In addition, TiO₂ nanoparticles can attach materials such as zeolites,¹³⁵ silica,¹³⁶ activated carbon^137–142 or carbon nanotubes.^143–149 Recently, graphene has attracted significant interest^150–154 due to its large surface area and potentially higher photocatalytic efficiency.¹⁵⁵ However, very few reports are available for theoretical investigations on the interaction of nanoparticles and graphene sheets, and the mechanism of charge transfer from graphene to the nanoparticles. The decorated surface of graphene with both TiO₂ nanofibers¹⁵⁵ and Fe-doped TiO₂ nanofibers¹⁵⁶ in supercritical carbon dioxide exhibits high photocatalytic activity. Das et al.¹⁵⁷ deposited different semiconductor nanoparticles, such as TiO₂ and ZnO, and some magnetic nanoparticles, such as Fe₃O₄ and Ni, on graphene. They calculated their electronic structure using DFT methods and found that charge transfer occurred between graphene and the deposited nanoparticles.

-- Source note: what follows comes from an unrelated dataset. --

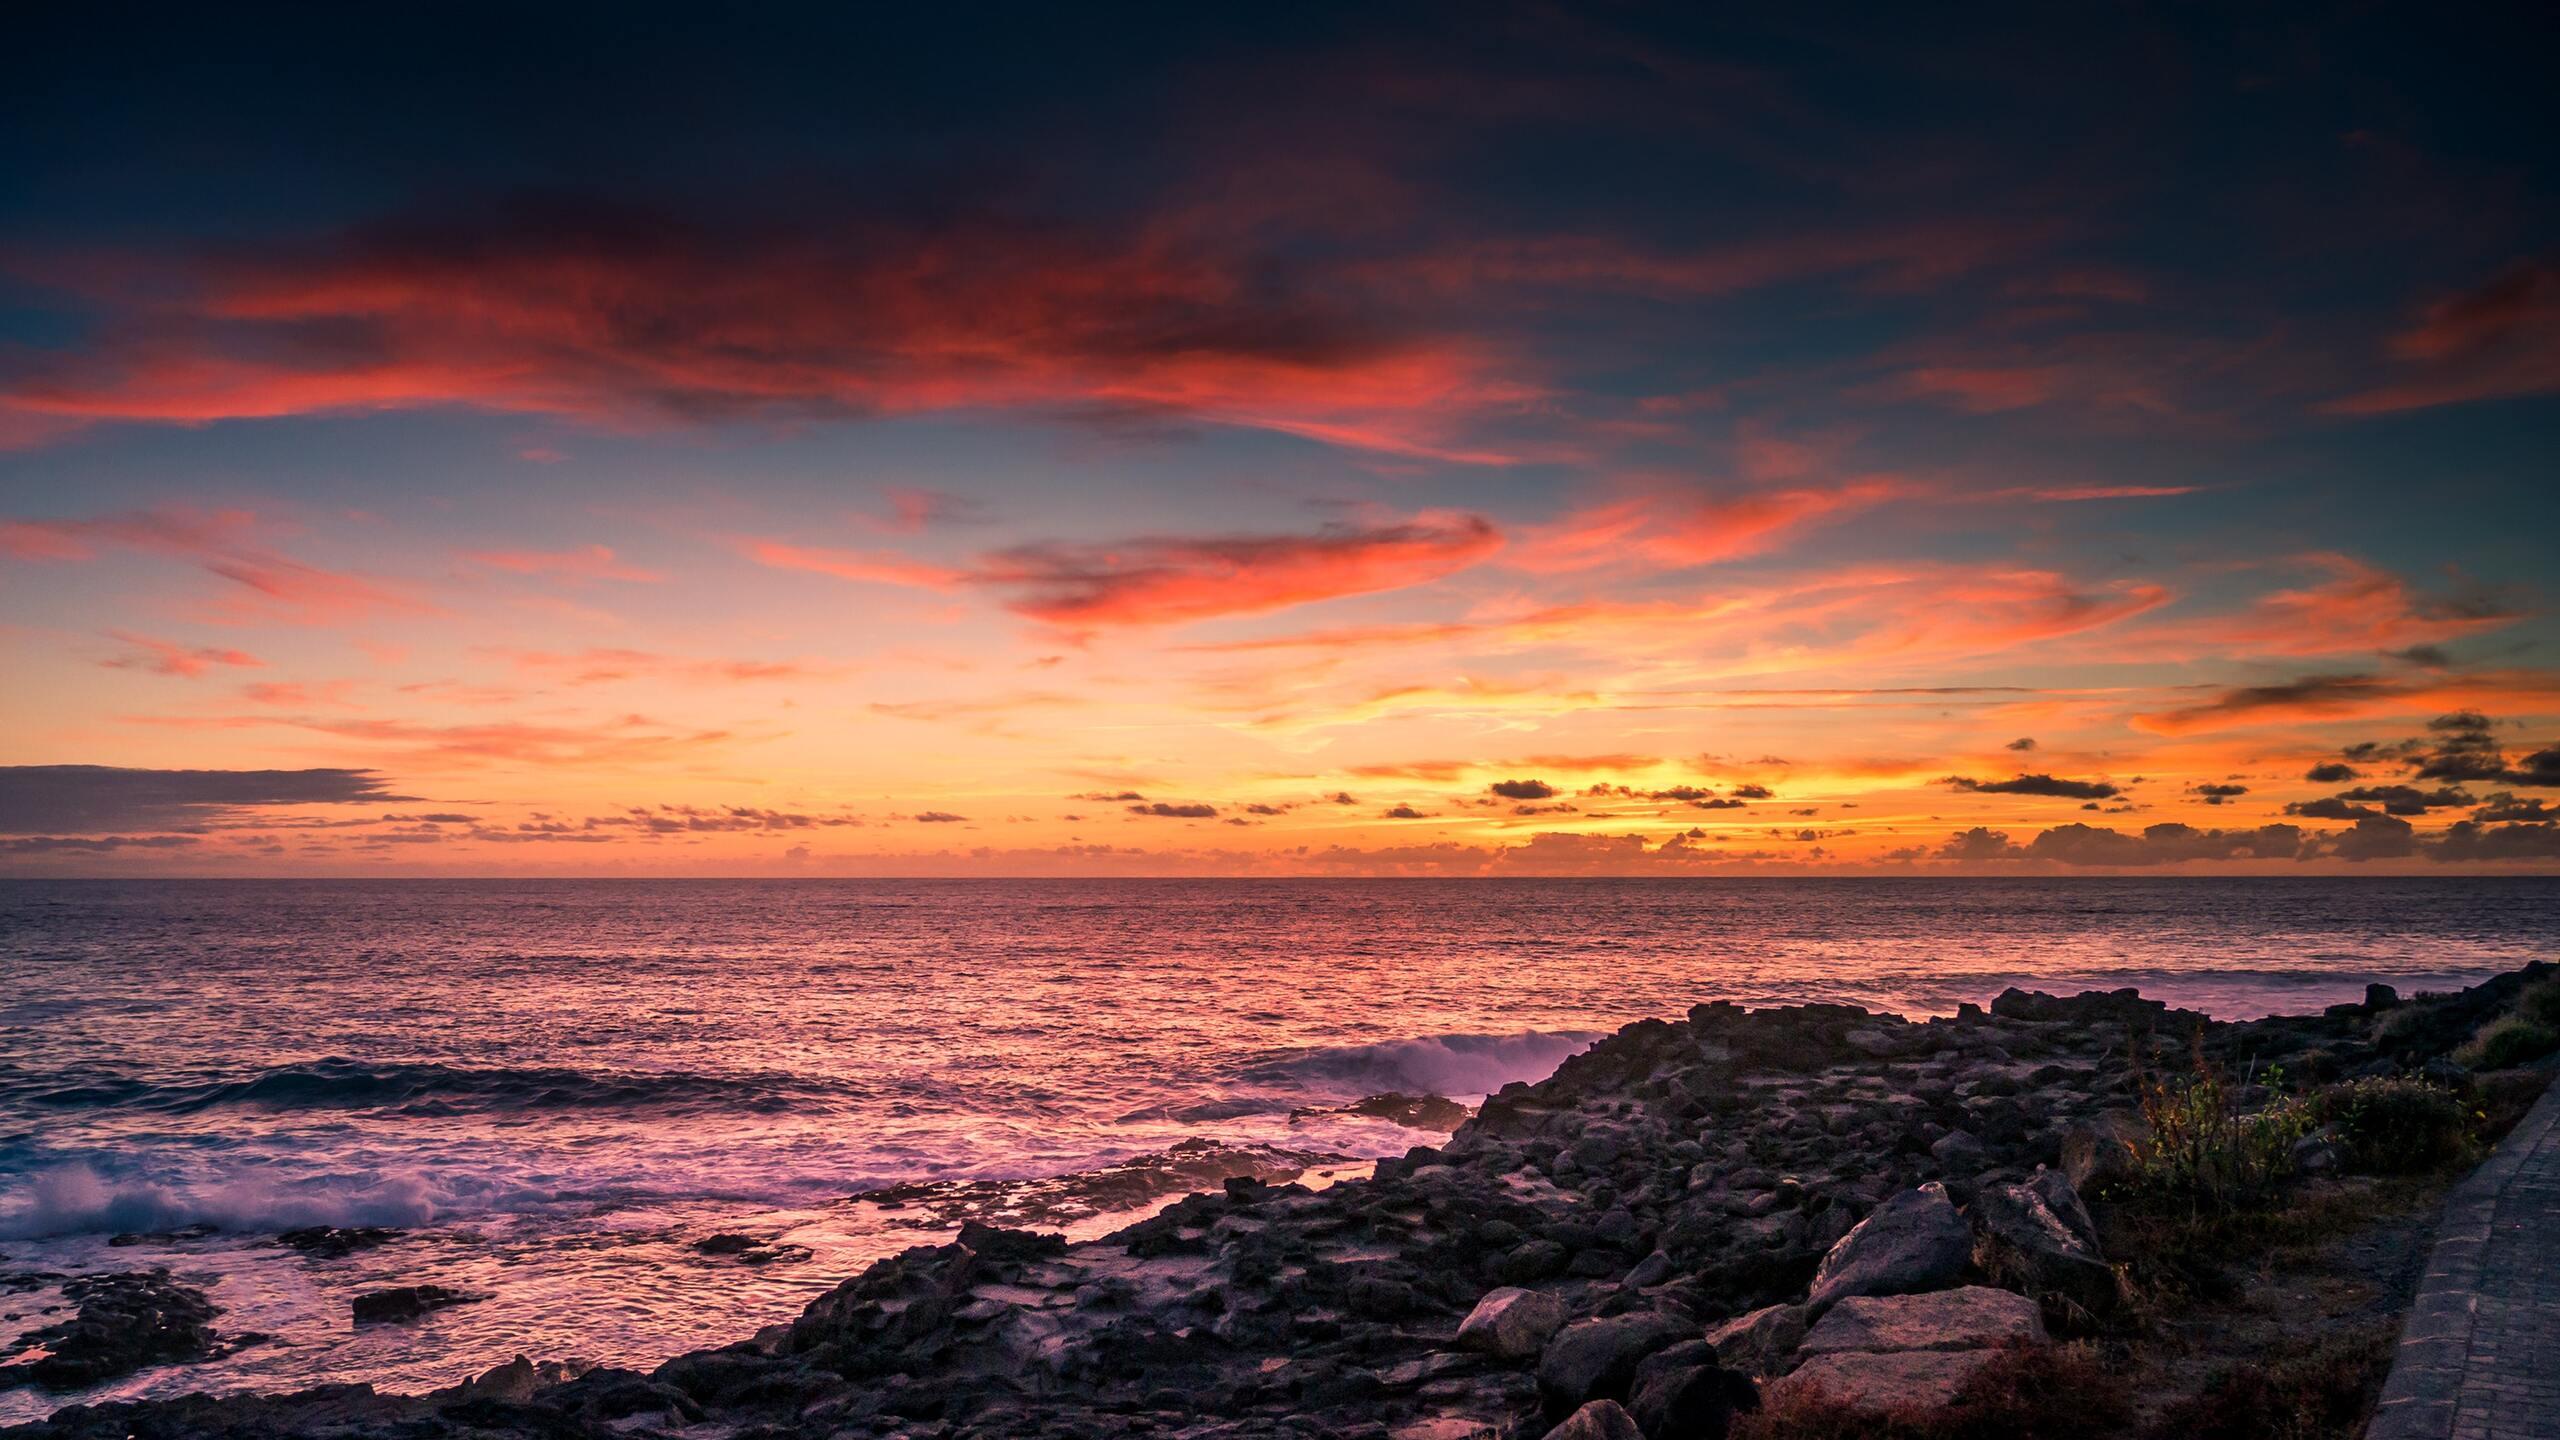 scenic-view-of-beach-in-evening-jz.jpg

Among all the metal oxides, WO₃ has attracted significant interest due to its photosensitivity,^158–160 good electron transport properties,¹⁶¹ and stability against photocorrosion.^162,163 Moreover, its smaller band gap (approx. 2.8 eV) than other oxides such as TiO₂ makes it suitable for the absorption of visible-light. However, the gap of WO₃ is still too large for sufficient visible-light absorption. Experimental results have shown that the conduction band minimum (CBM) of bulk WO₃ is about 0.4 eV below the hydrogen redox potential.^164,165 For the WO₃ surface, the CBM lies 0.31 eV above the hydrogen redox potential, which is still low for hydrogen production.¹⁶⁶

Doping and co-doping are good ways to tailor the electronic structure and photocatalytic properties of semiconducting oxides. For example, Mo-doped WO₃ nanowires showed an enhancement in visible-light photoactivity, as the band gap of the Mo_xW_1−xO₃ solid solutions was narrowed by 0.48 eV upon increasing the Mo content from 0 to 0.75 .^167,168 The effect of several transition metals on the photocatalytic activity under UV irradiation was also studied, suggesting maximum H₂ production via Ni doping with WO₃.¹⁶⁹ Doping with other metals (Ti, Zn, Dy, Te, Ta, V, Cu, Ag, and Ce) has also been reported in the literature,^170–178 with some claims of improved photocatalytic activity. For example, Wang et al.¹⁷⁹ studied Mo, Cr, Ti, Zr, and Hf-doped WO₃ and found that in Hf-doped WO₃, the oxygen vacancies have a negative formation energy, which leads to a shift in both the VB and CB to higher energies and a reduction of the band gap, with potential benefits for photocatalytic H₂ production, as shown in Fig. 5.¹⁷⁹

Fig. 5 A schematic of the superior photocatalytic activity of metal-doped WO₃ for H₂ production as compared to that of WO₃. Reprinted with permission of ref. 179. Copyright 2012 American Chemical Society.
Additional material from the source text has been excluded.